We used the built-in flip function to reverse the order of the arguments to the compose operator (.).

With partial application

Composition can get a little more interesting when the pieces we’re gluing together are themselves the result of partial applications. So here’s a function with two arguments that we can partially apply:

ghci> f x y = 2*x + 3*y
ghci> g = f 5
ghci> g 7
31
ghci> g 9
37

And here’s a composition:

ghci> (f 5 . f 6 . f 7) 8
388

To convince ourselves that this result is correct, we can work through a typical derivation, like:

(f 5 . f 6 . f 7) 8  ==     (Peel off the right-most function)
(f 5 . f 6) (f 7 8)  ==     (Substitute definition of f)
(f 5 . f 6) (2*7 + 3*8) ==  (Arithmetic)
(f 5 . f 6) 38 ==           (Repeat)
 f 5 (f 6 38) ==
 f 5 (2*6 + 3*38) ==
 f 5 126 ==
 2*5 + 3*126 ==
 388

With monadic functions

In the assignment 4, we used a different kind of composition operator: (>=>). This is for composing functions that produce monadic values, for example, Maybe values. So applied to Maybe, each function in the pipeline has the option of producing Nothing, in which case that is just returned. If it produces Just, then the value is sent to the next function.

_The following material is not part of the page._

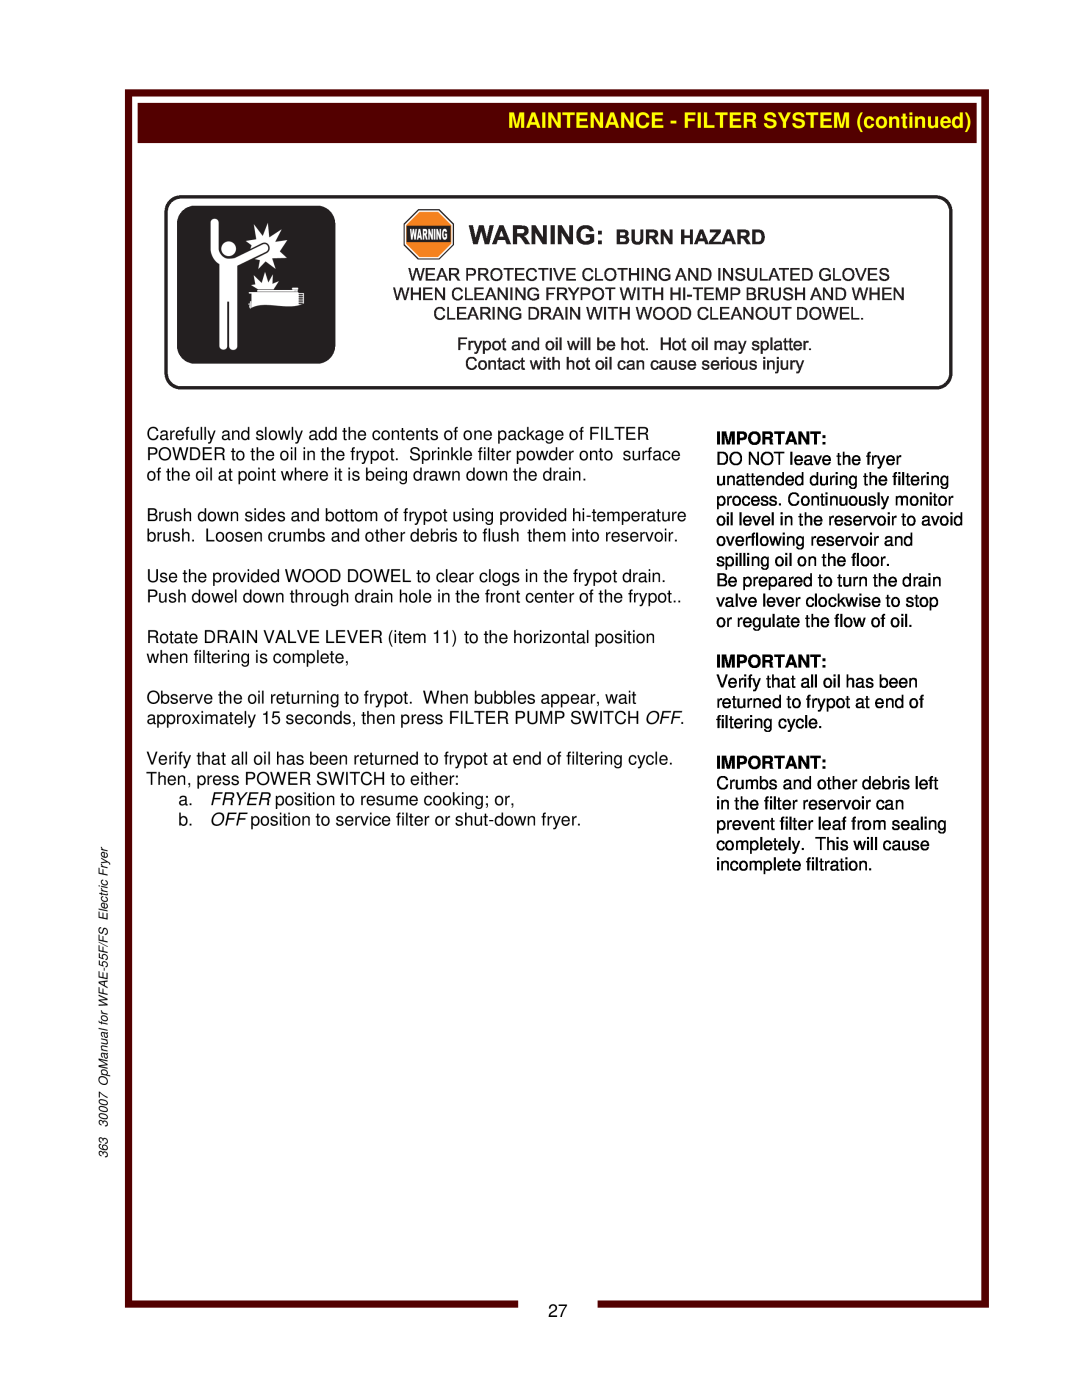 Wells WFAE-55F operation manual Warningwarning Burn Hazard, Frypot and oil will be hot. Hot oil may splatter

There is also a version (<=<) that does right-to-left composition, more like the standard (.) operator. To use either of these, you need an import declaration. Below are some examples. We’ll define a half function that only works on even numbers; and then a square that refuses to multiply if the number is too large!

import Control.Monad
ghci> half x = if even x then Just (x `div` 2) else Nothing
ghci> square x = if x > 100 then Nothing else Just (x*x)
ghci> (half >=> square) 20
Just 100
ghci> (half >=> square) 240    // square returns Nothing
Nothing
ghci> (half >=> square) 9      // half returns Nothing
Nothing

Assignment 4 solutions

The complete A4 solutions have been posted. In class, we spent a little more time on isEmpty and isFull, which I defined this way:

isFull :: BoundedStack a -> Bool
isFull (BoundedStack cap _) = cap <= 0

isEmpty :: BoundedStack a -> Bool
isEmpty (BoundedStack _ []) = True
isEmpty (BoundedStack _ (_:_)) = False

Fullness is based only on the capacity; we don’t care about what elements are in the stack. On the other side, emptiness is based only on the elements: they are either the empty list, or there’s at least one element (but we don’t care what it is).

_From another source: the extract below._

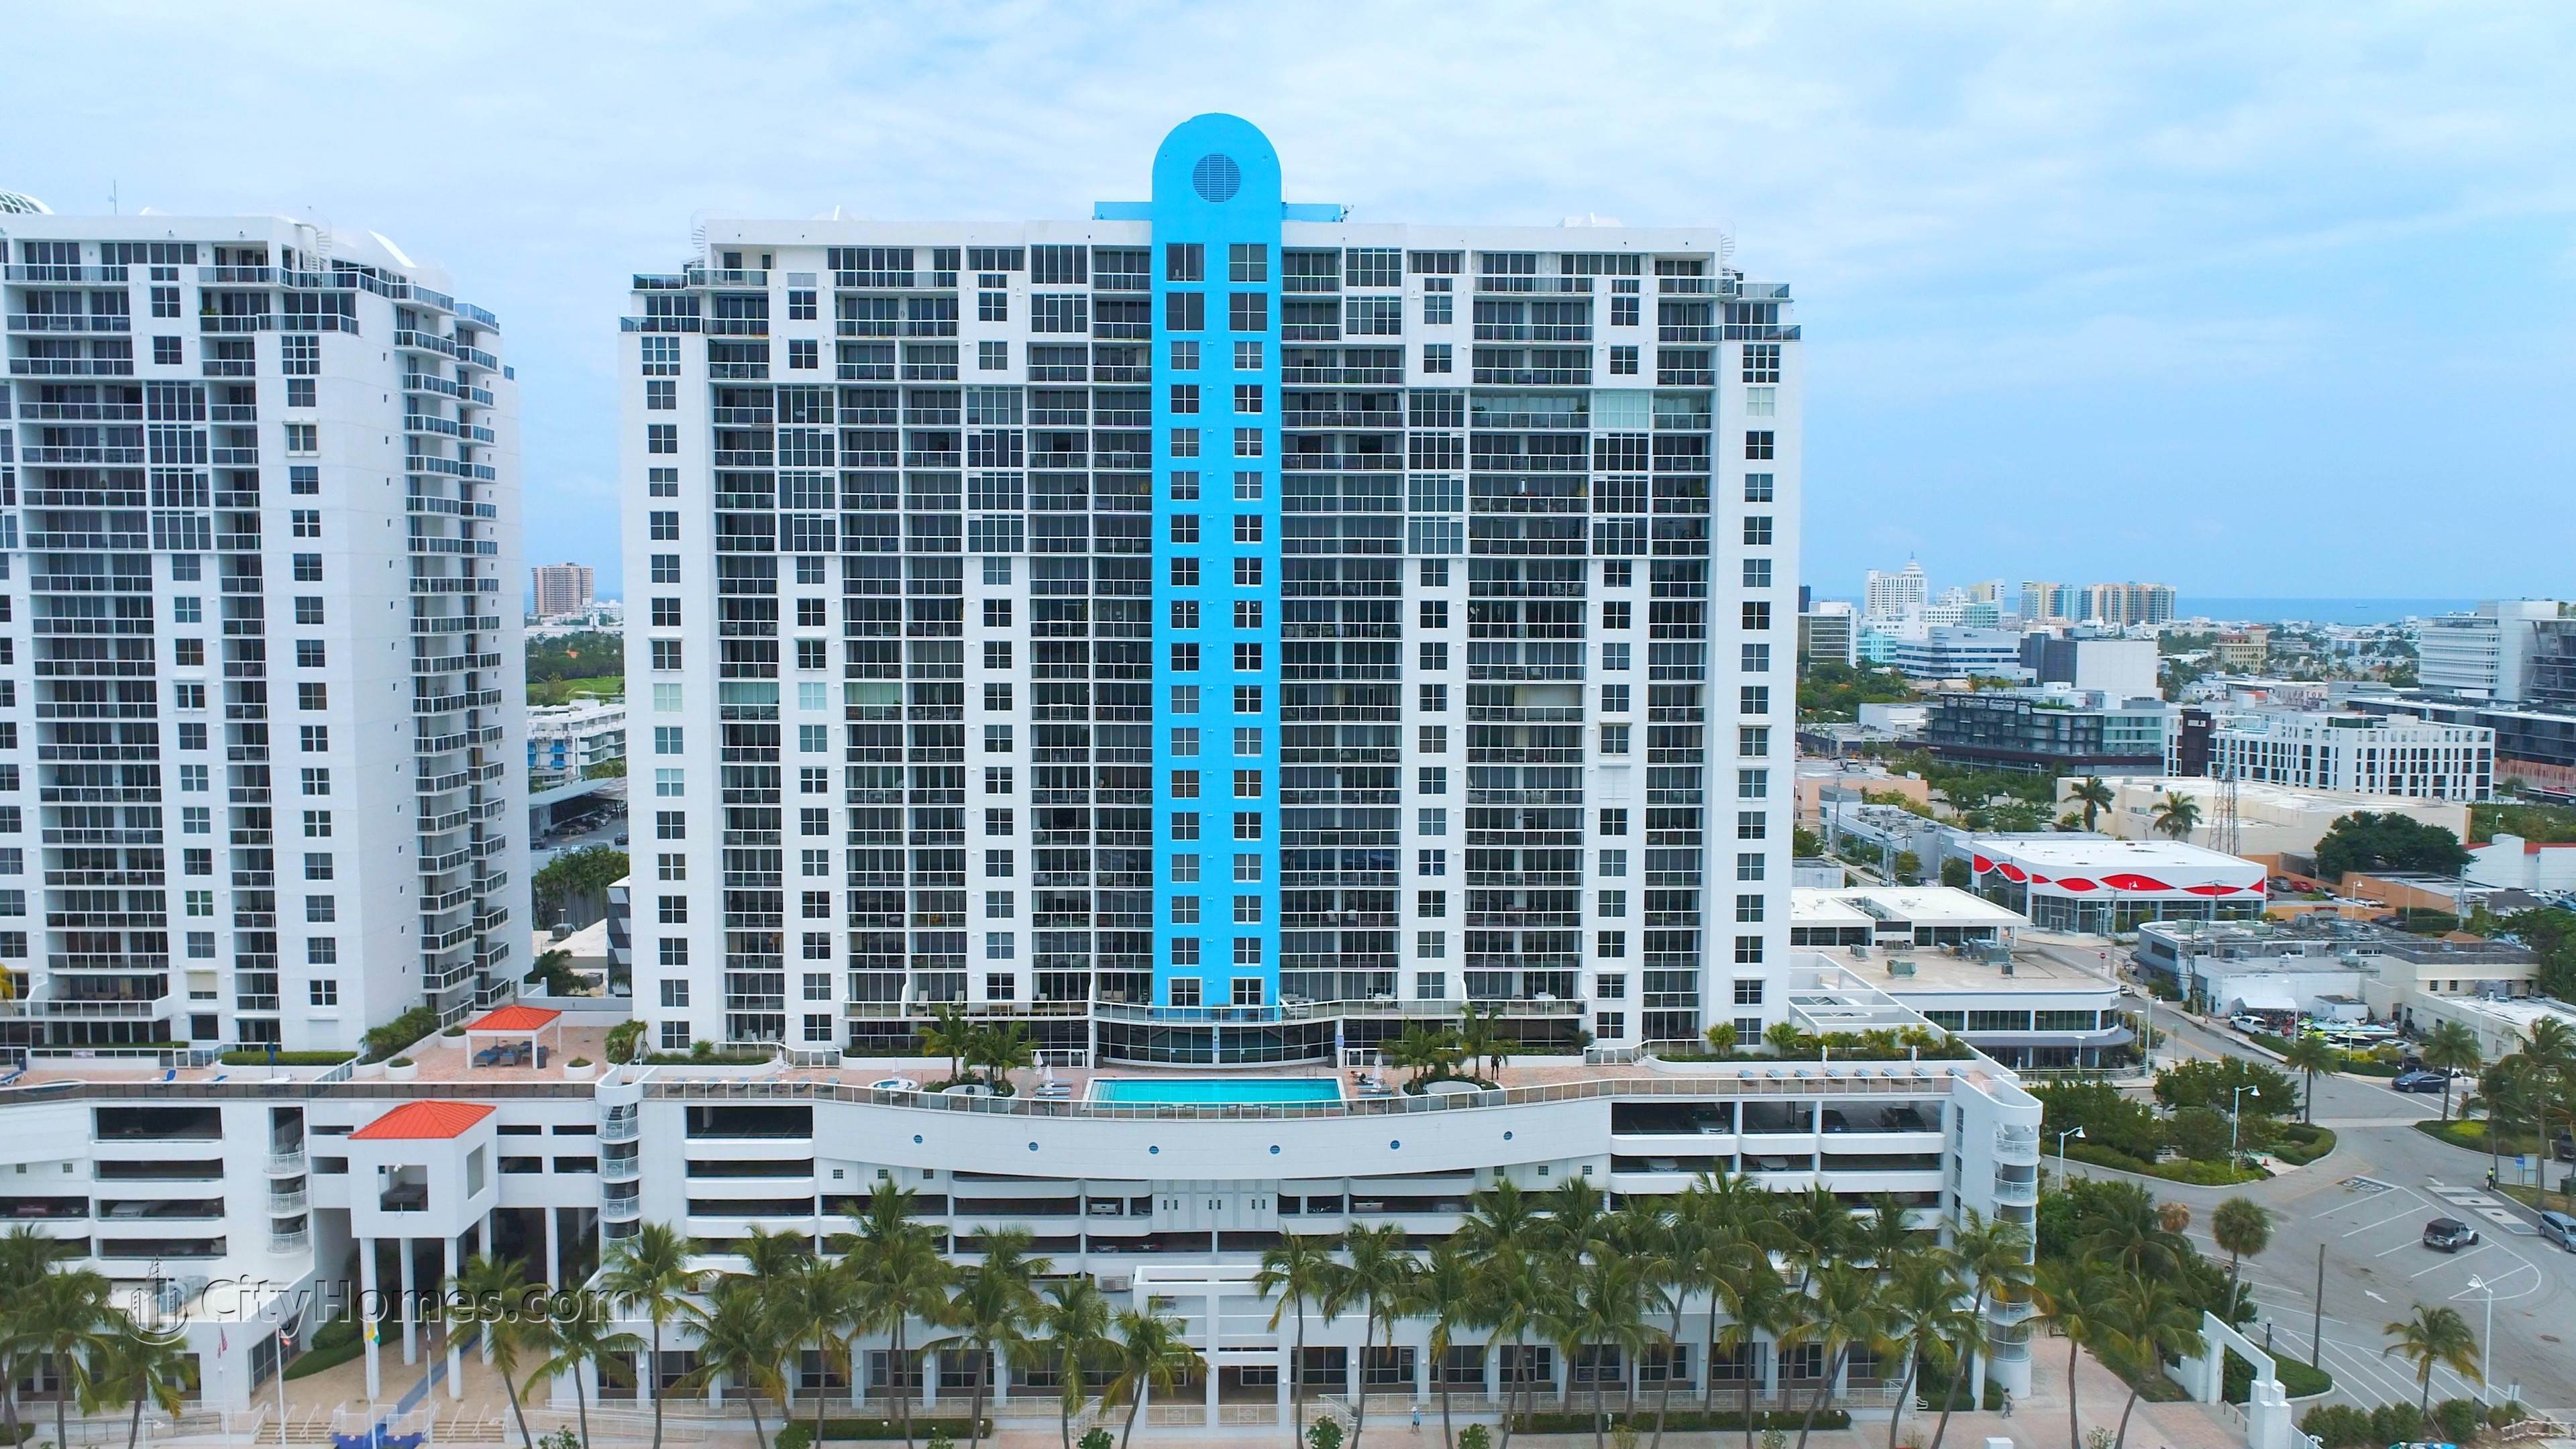 SUNSET HARBOUR SOUTH gebouw op 1800 Sunset Harbour Drive, Mid Beach, Miami Beach, FL 33139

Interestingly, after presenting this in class, I looked at the implementation I wrote previously, and found that I approached them quite differently. Rather than using the BoundedStack constructor to pattern-match, I used the field names capacity and elements, and then composed them! (null is a Boolean function on lists that returns True if the list is empty.)

isFull :: BoundedStack a -> Bool
isFull = (<= 0) . capacity

isEmpty :: BoundedStack a -> Bool
isEmpty = null . elements

Monoids

We previously learned about Functor, which has an fmap. If Functor describes something that is “mappable”, then Monoid describes something that is “appendable”. To use Monoids, we need an import:

import Data.Monoid

A type can be a Monoid if it supports two basic operations:

ghci> :i Monoid
class Monoid a where
  mempty :: a
  mappend :: a -> a -> a
  • mempty produces a value of the type that represents nothing, such as an empty list or Nothing.

  • mappend takes two values of the type and combines them together to make a new value that somehow includes both.

List monoid

The simplest demonstration of a Monoid is the list type, where mempty is the empty list, and mappend is the list concatenation operator (++).

ghci> mempty :: [Int]
[]
ghci> mappend [1..5] [6..9]
[1,2,3,4,5,6,7,8,9]

Like any function with two parameters, you can use mappend infix or there’s an operator (<>) that is equivalent:

ghci> [1..5] `mappend` [6..9]
[1,2,3,4,5,6,7,8,9]
ghci> [1..5] <> [6..9]
[1,2,3,4,5,6,7,8,9]
ghci> "Hello" <> "World"
"HelloWorld"

There is also a third operation in Monoid, derivable from the other two: mconcat takes a list of elements and appends all of them together in sequence:

ghci> mconcat ["Alice", "Bob", "Charlie"]
"AliceBobCharlie"

Tuple monoid

So that’s pretty simple for lists (including strings), but what about other types? A tuple is a monoid if its element types are monoids. For example, here is mappend (aka (<>)) applied to a tuples of strings:

ghci> ("Alice", "Bob") <> ("Jones", "Smith")
("AliceJones","BobSmith")
ghci> ("Alice", "Bob", "Carol") <> ("Jones", "Smith", "Patel")
("AliceJones","BobSmith","CarolPatel")

Question: What is mempty when instantiated to a pair of strings?

Maybe monoid

The Maybe type is also a monoid, if its element type is a monoid. The mempty of course is Nothing. And then mappend essentially joins the Just values, ignoring cases where it finds Nothing.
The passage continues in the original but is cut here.